Durante el juicio, el abogado defensor del militar, el doctor Sócrates Grillo, acusó en repetidas ocasiones a Sonia de ser terrorista y afirmaba que toda la denuncia es parte de la trama de una senderista que vio fallido su accionar en un atentado y que fabricó la historia para burlar a todos. Justifica las heridas de su cuerpo diciendo que fueron esquirlas que la hirieron en combate, a pesar de que el neurocirujano Esteban Roca habló de balas, no de esquirlas. En el imaginario del abogado, ser medio hermana del profesor Hugo Muñoz o haberles puesto nombres rusos a sus hijos, como Glinka Luyeva, Leonov o Fedor, vendrían a ser indicadores inequívocos de su supuesta filiación terrorista.

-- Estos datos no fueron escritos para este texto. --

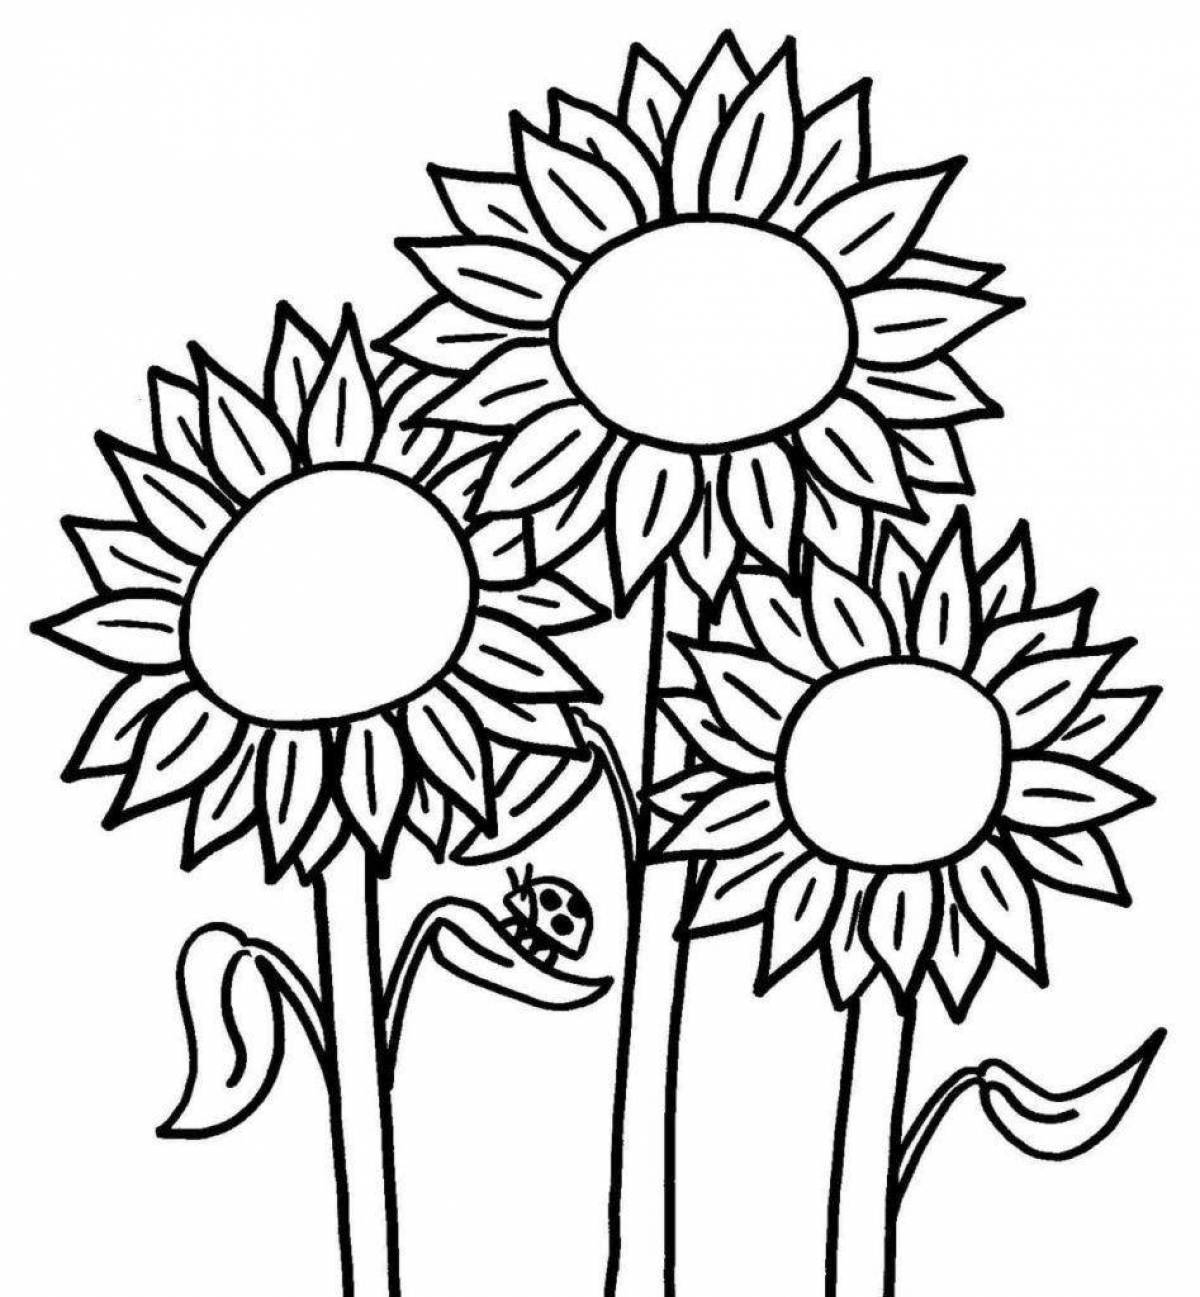 Fancy coloring sunflowers for kids

En diciembre del 2017, la Sala Penal Nacional del Perú, especializada en casos de terrorismo y violaciones de derechos humanos, decidió finalmente absolver de todos los cargos a Víctor La Vera por falta de pruebas. Los cuatro hijos, ya mayores y con su propia familia cada uno, rompieron en llanto junto a su madre. A la salida de los tribunales, tras escuchar la nefasta sentencia, Sonia dijo, entre lágrimas: “Nos atrevimos a soñar con justicia”.